## Work to complete
What is needed is the full listing written out exactly, minus the pictures.

## Collected data
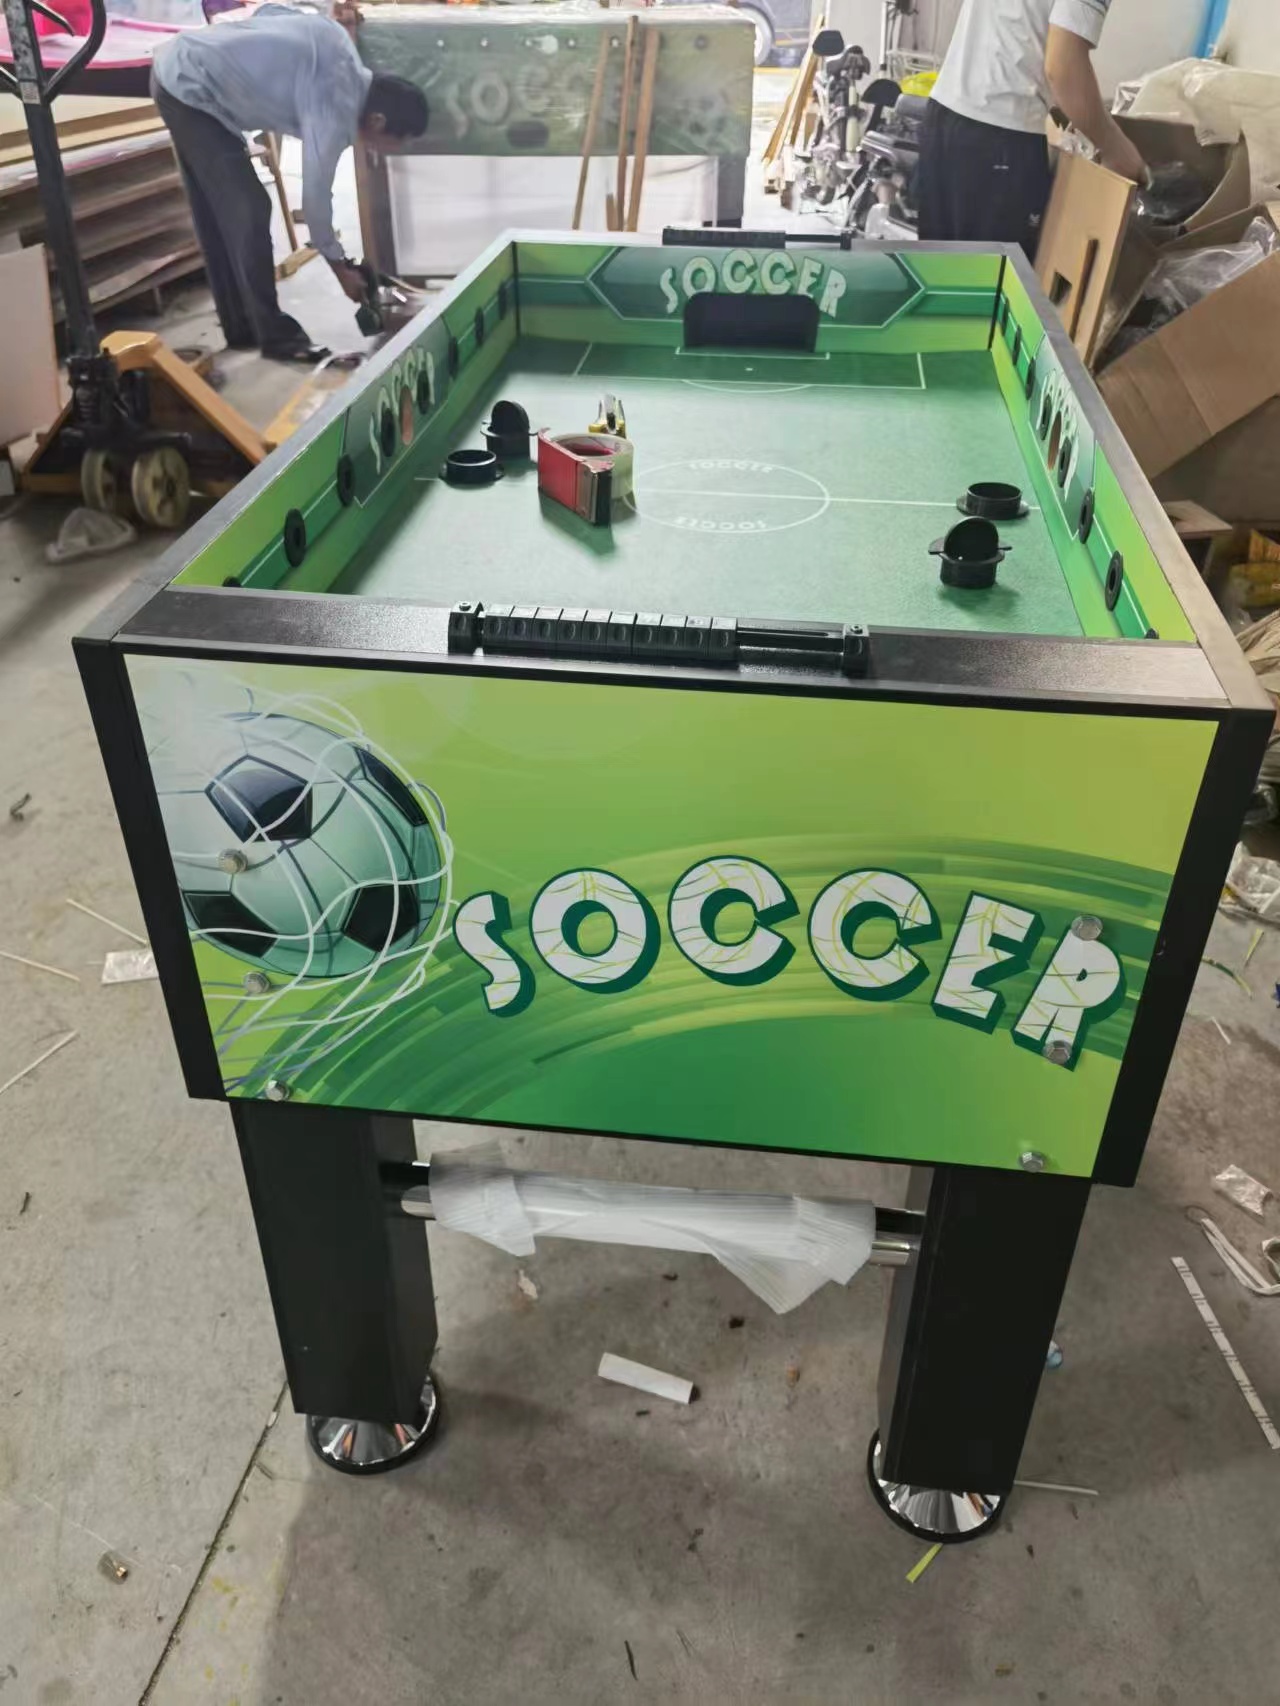 FIFA Soccer Arcade Machine | Football Arcade Games
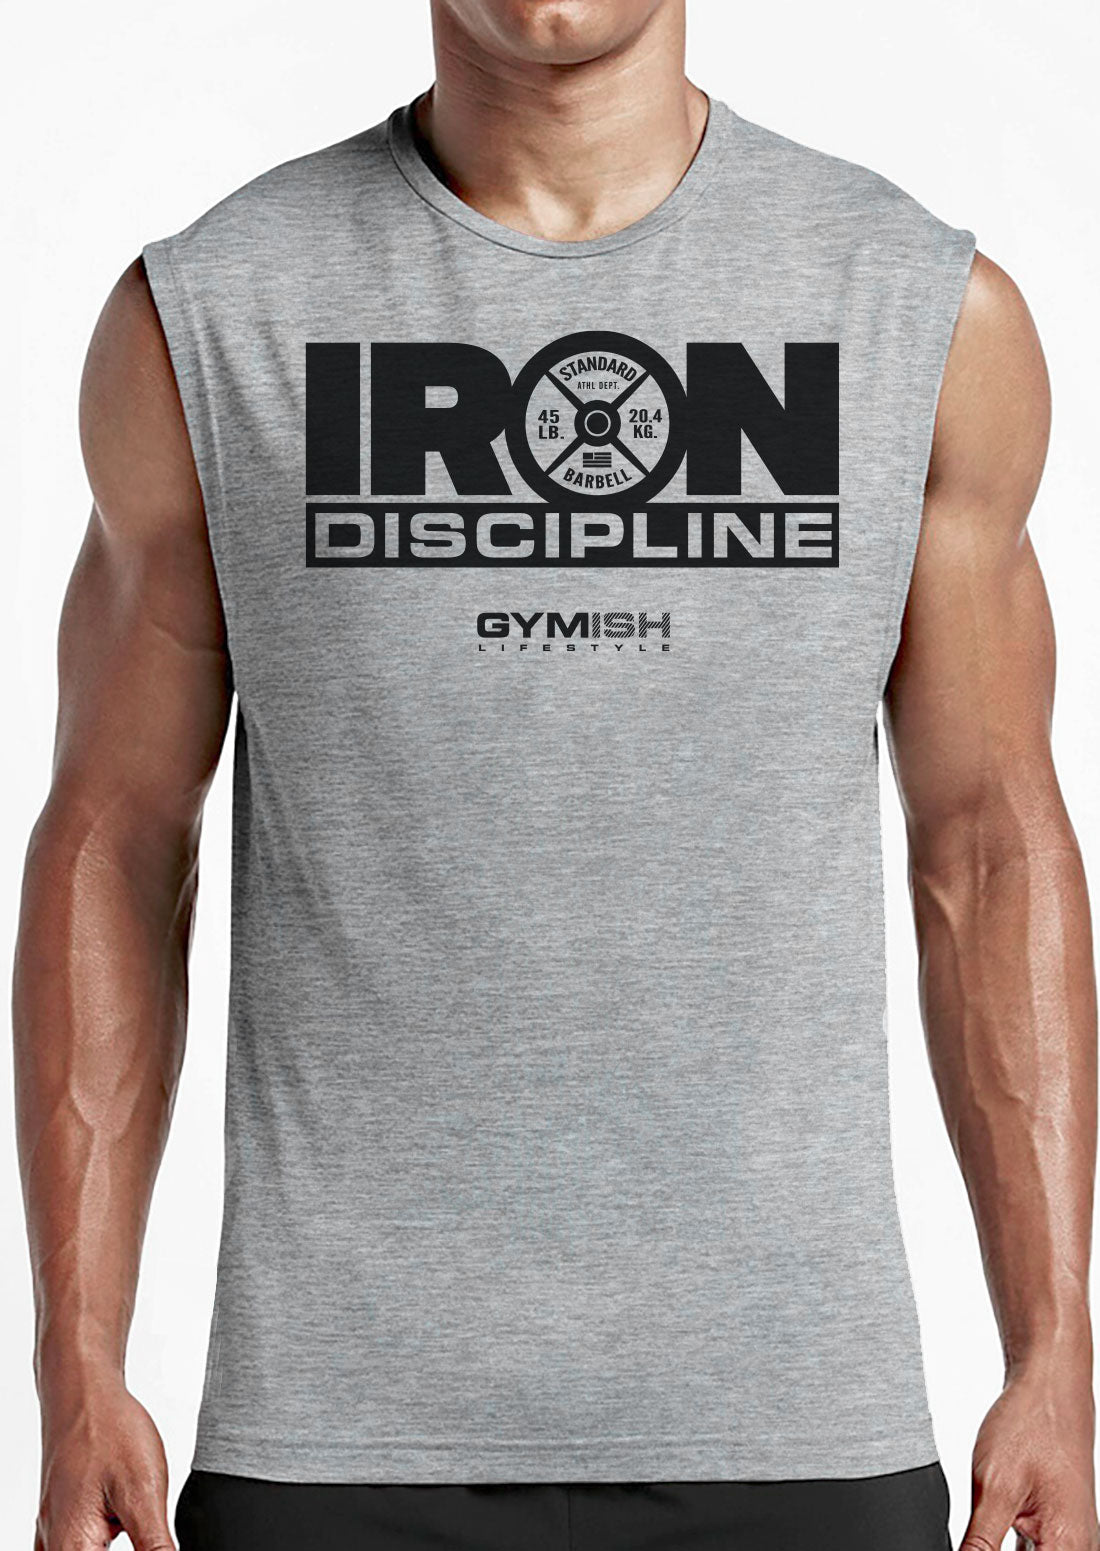 Iron Discipline Muscle Tank Top, Sleeveless Workout Shirt, Lifting Shirt, Gym Shirt
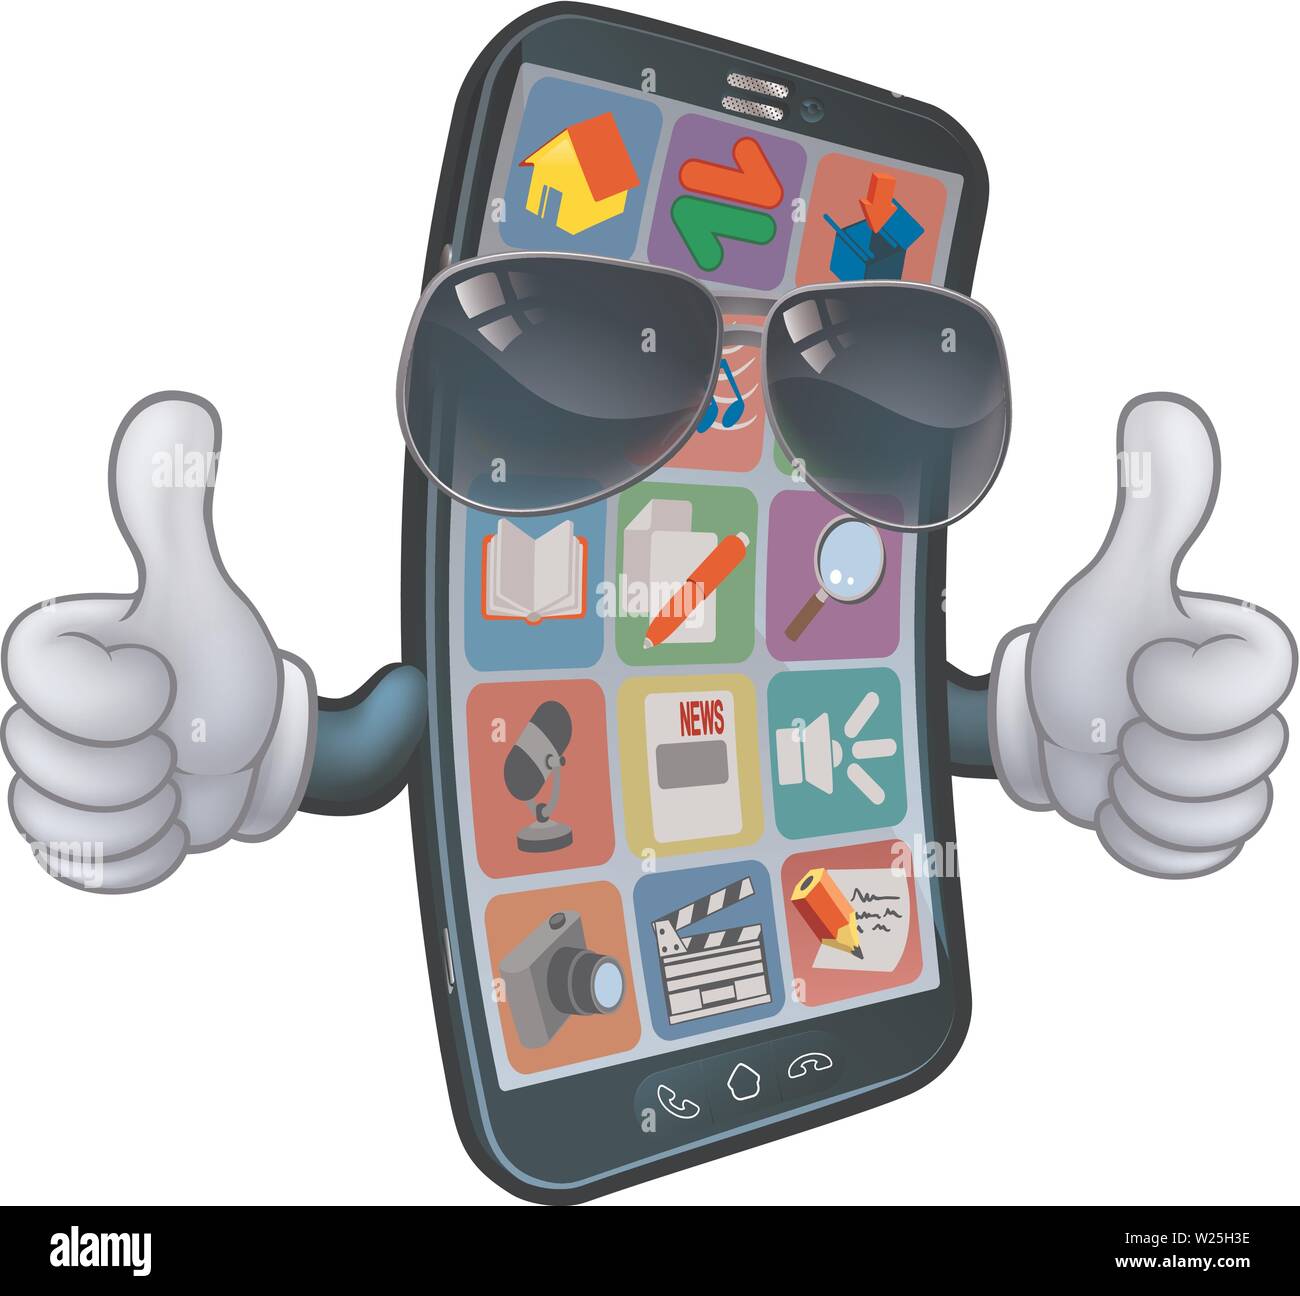 Mobile Phone Cool Shades Thumbs Up Cartoon Mascot Stock Vector

## Task solution
 FIFA Soccer Arcade Machine | Football Arcade Games
 Iron Discipline Muscle Tank Top, Sleeveless Workout Shirt, Lifting Shirt, Gym Shirt
 Mobile Phone Cool Shades Thumbs Up Cartoon Mascot Stock Vector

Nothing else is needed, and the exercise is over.